Integrated Pest Management
- Ladybugs: Ladybugs are a popular, beneficial insect that mainly prey on aphids and mites. A single ladybug can eat up to 50 aphids per day or 5,000 in its lifespan. It’s important to use the right species of ladybugs. Harmonia axyridis, or the Asian lady beetle, and Coccinella septempunctata, sevenspotted lady beetle, are commonly used for aphid control. Consider planting flowers that ladybugs are attracted to: yarrow, marigold, dill, fennel, and dandelion to name a few.
- Praying Mantis: Similar to ladybugs, the praying mantis is attracted to fragrant, colorful plants. However, praying mantises will eat both pests and beneficial insects. Other beneficial insects may include predatory mites, wasps, and beetles. Consider planting flowers and culinary herbs like holy basil, thyme, oregano, yarrow, chamomile, calendula, clover, dandelion, aster, nettle, fennel, and marigolds as a cover crop.
- Green Lacewing: Green lacewings work well as a general predator.
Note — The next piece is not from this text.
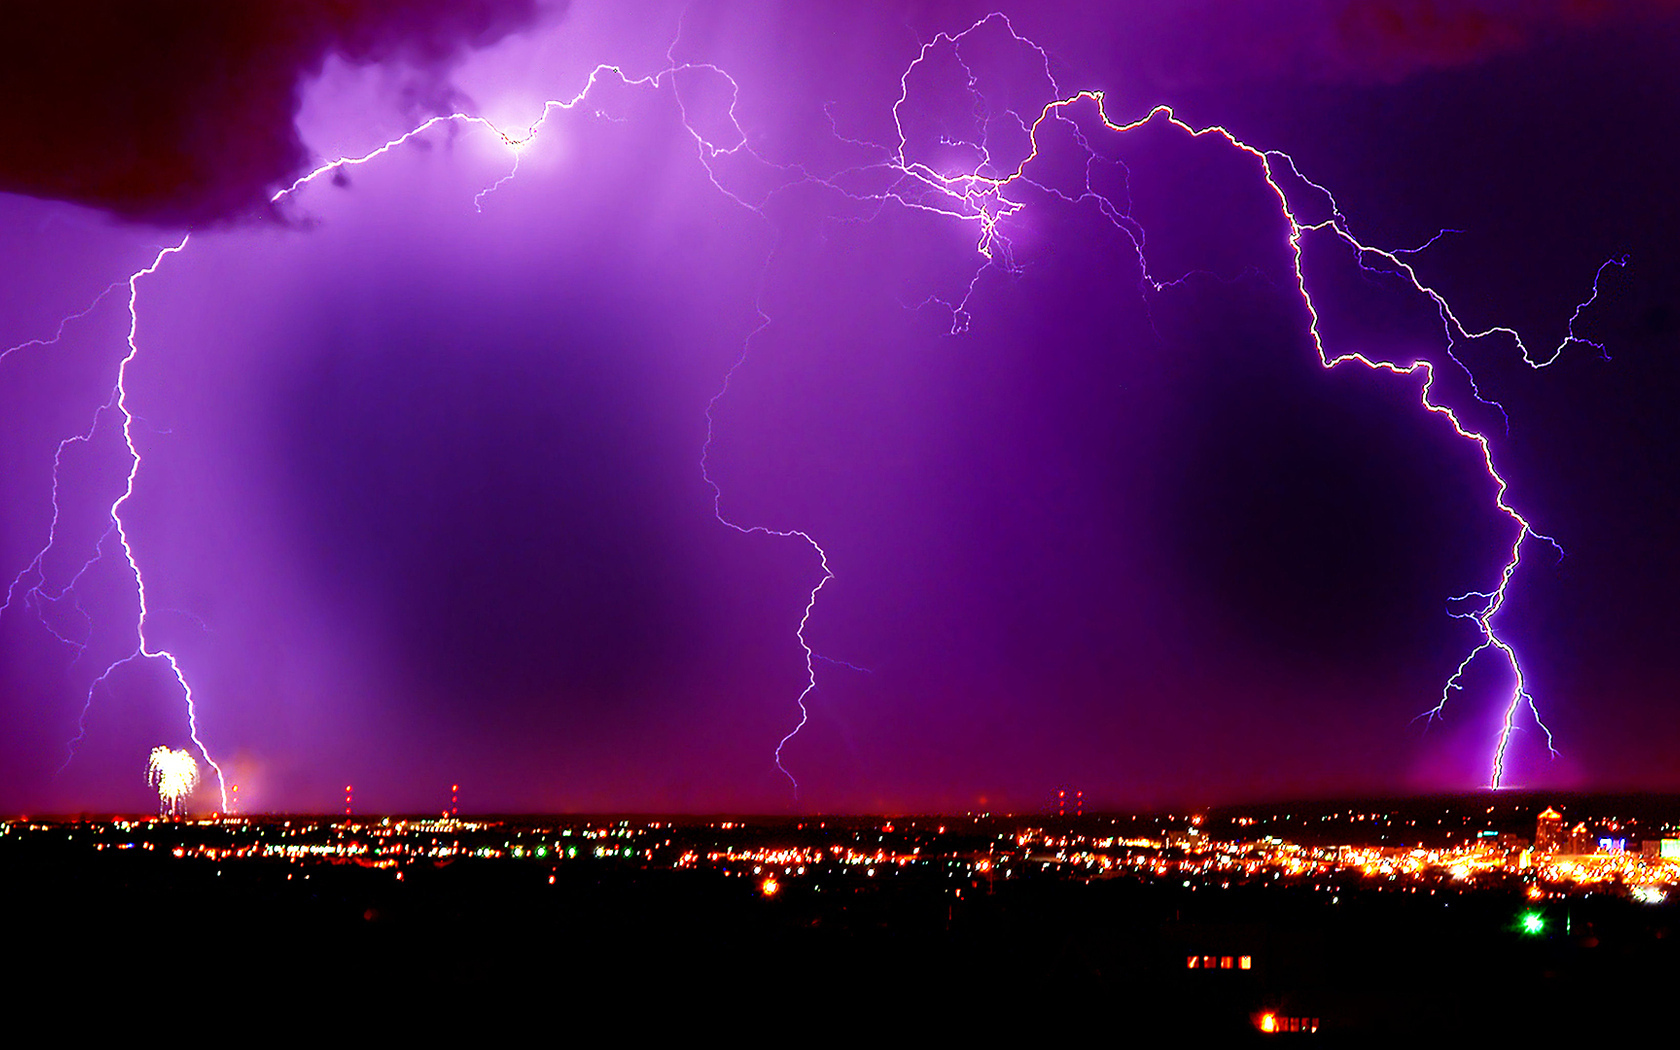 Cool Backgrounds Of Lightning Images amp Pictures   Becuo

Consider planting dill, coriander, fennel, and dandelion to attract lacewings.
- Predatory Mites: Predatory mites target two-spotted spider mites, broad mites, russet mites, cyclamen mites, and other mite species.
Humidity, water saturation, lack of airflow, and excess foliage are likely to cause fungal diseases and microbial contamination. Gray mold and powdery mildew are the most common diseases caused by humid conditions and excess moisture. Cannabis infected by mold, powdery mildew, and other fungi pose a potential threat to cannabis consumers. Mold should not be confused with the plant’s trichomes or the resinous glands that produce cannabinoids and terpenes.
Preventative measures include planting in areas with proper drainage and runoff (i.e. mounded rows), providing ample spacing for plants to grow and to improve air circulation, and proactively pruning plants to remove excess foliage. After harvesting, proper drying and storage of cannabis flowers to control humidity levels is extremely important.
Excess water may also cause root rot. In the Midwest, plasticulture is likely not necessary. With heavy rainfalls, raised beds with plastic ground cover are bound to cause over saturation and lead to beds drying too slowly.
Cannabis cultivated for CBD-rich flower or biomass is generally more difficult to plant, upkeep, and harvest than cannabis varieties traditionally grown for grain and fiber. For this reason, this planting guide focuses on hemp produced for Cannabidiol (CBD). We hope this hemp CBD planting guide will be helpful to beginning farmers looking to grow hemp for CBD purposes.